Разве мы не знали, что Австрия падет? И все-таки теперь как обухом по голове! Очень похожа наша реакция, когда умирает дорогой человек после продолжительной агонии от той именно болезни, совершенно неизлечимый характер которой нам уже давно был известен. В нашу скорбь примешивается какой-то ужас, чувство вины. Когда мы говорим: «Он умирает!», то все же не верим, что он действительно умрет. Напротив, тайный смысл нашего пророчества — задержать «неизбежное». Мы говорим: «Это происходит», — с тем чтобы этого не произошло. В глубине души мы полагались на то, что Бог опровергнет наш пессимизм, доведет наше Кассандрово изречение ad absurdum[216]. Оказаться правым там, где хотел ошибиться, какой удар.

В судовой газете французского парохода «Иль-де-Франс» (опять-таки по пути в вулканически заминированный Старый Свет) я читаю об ужасном паломничестве, которое австрийскому бундесканцлеру пришлось предпринять в Берхтесгаден{270}. Я был ошеломлен. Как, то невероятное, которое в целях сдерживания называли «неизбежным», должно стать событием? Судьба действует всерьез, ловит нас на слове, подтверждает наше предчувствие? Абсурд! Невозможно! Нет, этого не может быть…

Это может быть. Это случилось в ночь с 10 на 11 марта 1938 года. На нашем столе в «Кафе де флор» — кипы газет. Ужасающую весть я обсуждаю с английскими друзьями: это мой дорогой, темпераментный Брайен Говард, Нэнси Кьюнард (эксцентричная, в обывательском смысле почти одиозная наследница знаменитой Кьюнард Лайн), молодой романист и критик Джеймс Стерн (тесно связанный с кругом Ишервуд — Оден— Спендер), рассудительная и сердечная Сибилла Бедфорд, бывшая Сибилла фон Шенебек (немецкого происхождения, но с годами совершенно «англизировавшаяся»), и другие.
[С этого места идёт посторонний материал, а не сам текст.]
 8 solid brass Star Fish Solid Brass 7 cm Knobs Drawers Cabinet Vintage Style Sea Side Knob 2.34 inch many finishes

Брайен трепещет, лихорадочно возбужденный. Он знает Германию, жил в Австрии; он ненавидит Гитлера — в отличие от большинства своих соотечественников, которые либо вообще ничего не знают о национал-социализме, либо воспринимают его как bulwark against Communism[217]. Даже радикалы типа Нэнси Кьюнард, кажется, едва ли осознают «немецкую опасность». Нэнси интересуется проблемой американских негров, это ее хобби, ее специализация. О чем она думает теперь? О трущобах Гарлема? О суде Линча в «глубинке Юга» США? Во всяком случае, не о Вене. Ее равнодушие действует Брайену на нервы. «Now, really, — набрасывается он на нее. — It makes me rather impatient, my dear, to watch you eat this horrible Welsh Rarebit, while our friends in Vienna…»[218] И вдруг очень тихо, подавшись вперед и с торжественно застывшим выражением лица, потрясенный, подавленный внезапным открытием: «This means war, my dear!»[219]
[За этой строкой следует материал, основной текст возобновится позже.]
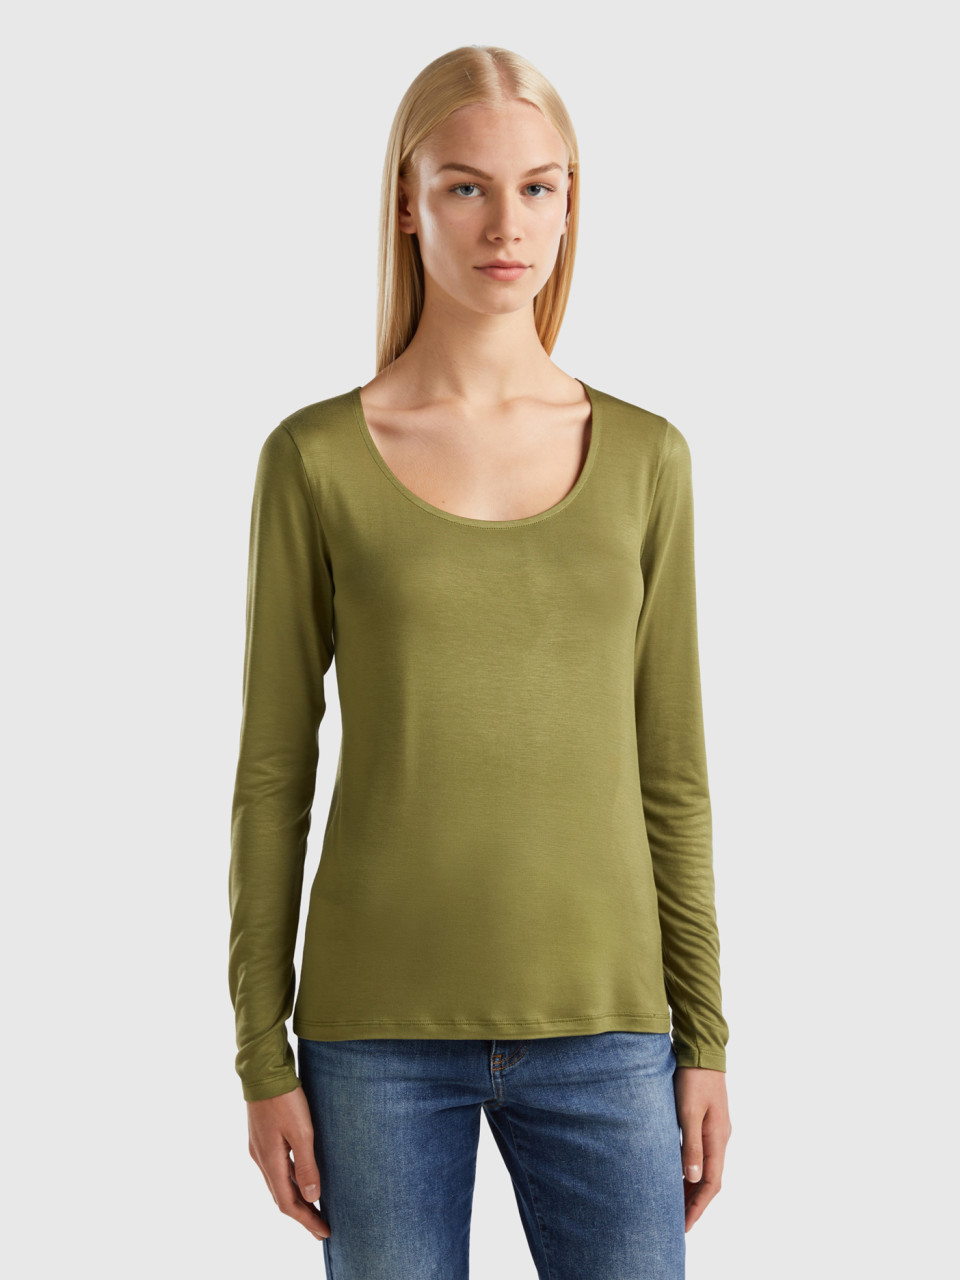 Benetton, T-shirt In Sustainable Stretch Viscose, Military Green, Women
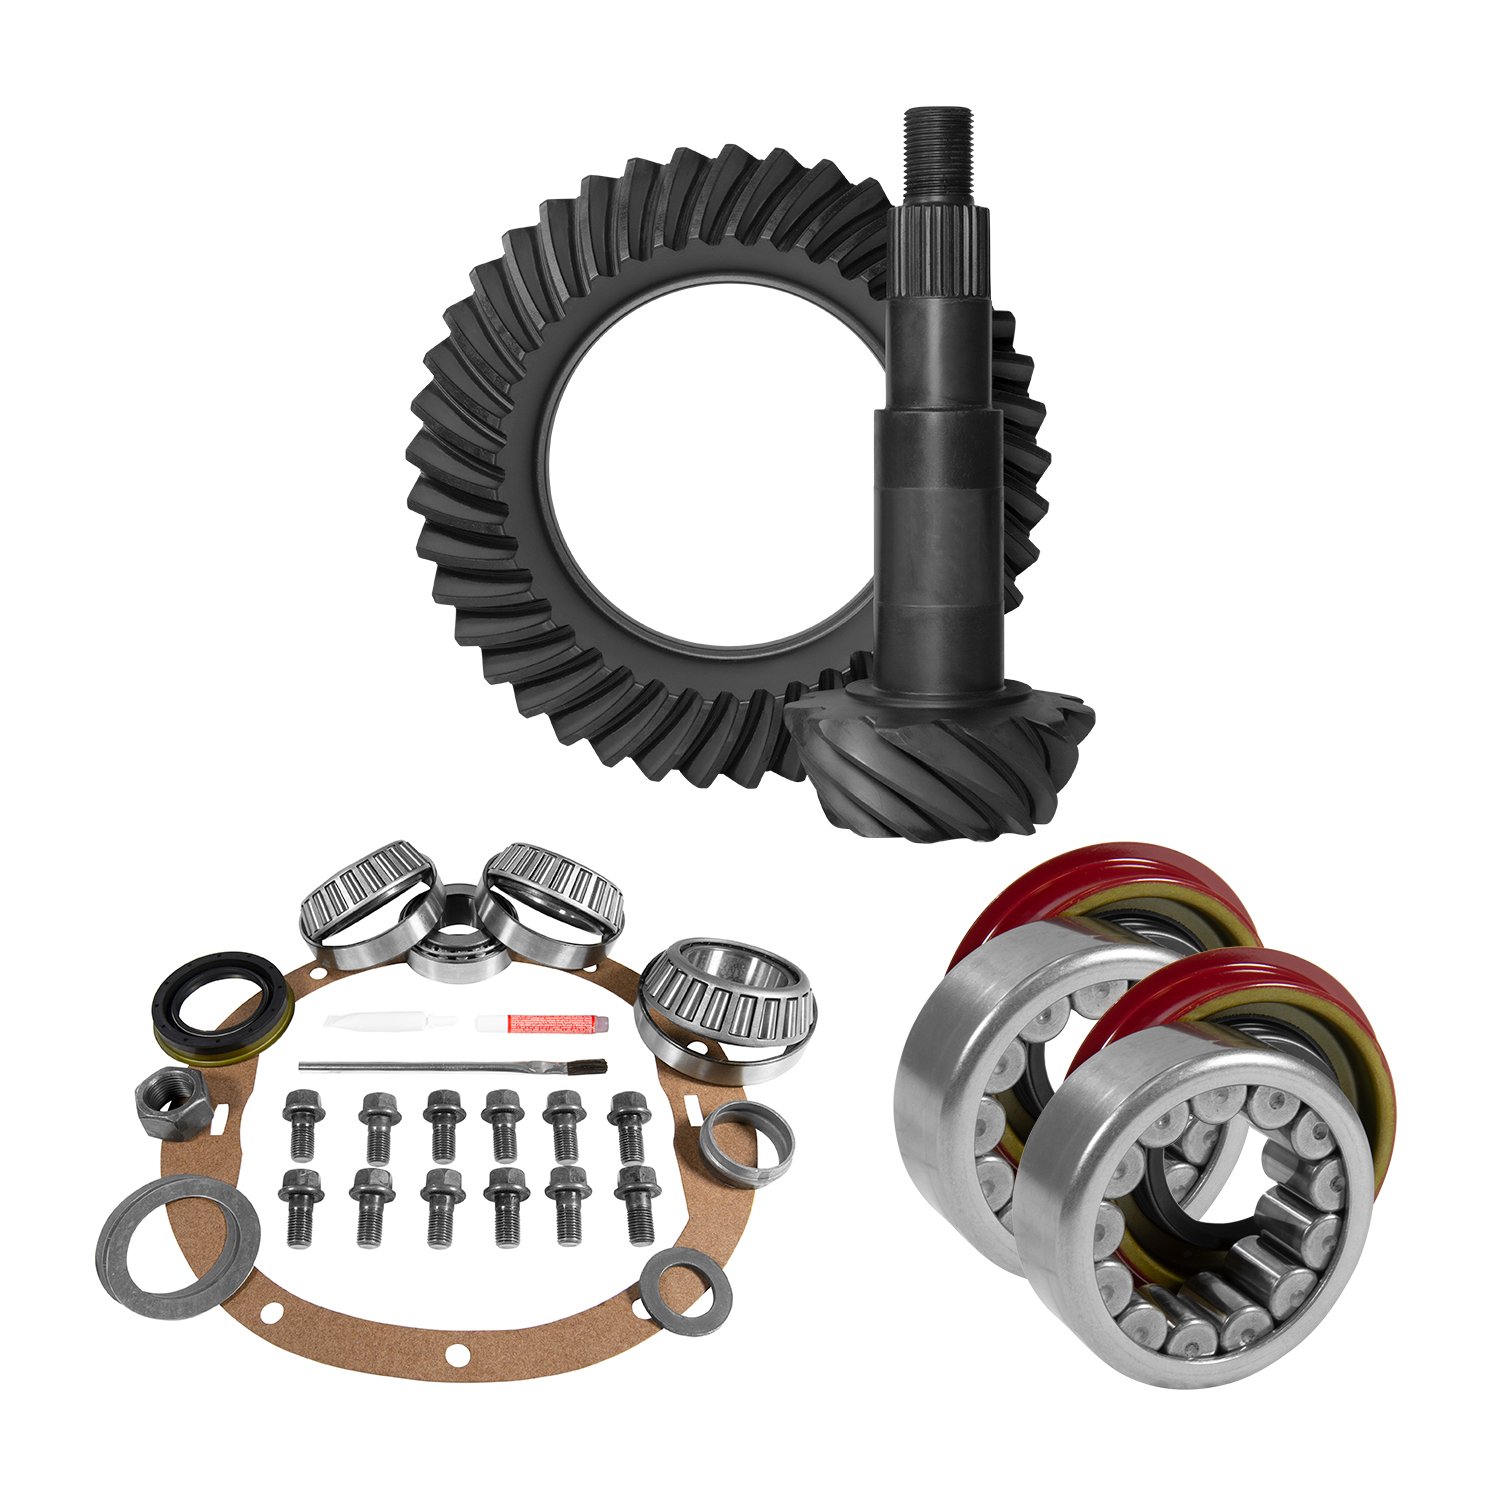 USA Standard 10719 8.5 in. GM 4.11 Rear Ring & Pinion Install Kit, Axle Bearings, 1.78 in. Case Journal

Война? Еще нет! Мистер Чемберлен, месье Бонне, Английский банк, господа с Уолл-стрит, миллионеры Франции, Ватикан, Генри Форд, леди Астор, «Таймс оф Лондон», «оксфордское движение», близорукие пацифисты и реакционные интриганы — все желали мира с гитлеровским рейхом. Мир хочет мира.

Мир? Уже нет! В Испании воюют. Пролог ли или первый акт — это начало. Incipit tragoedia [220].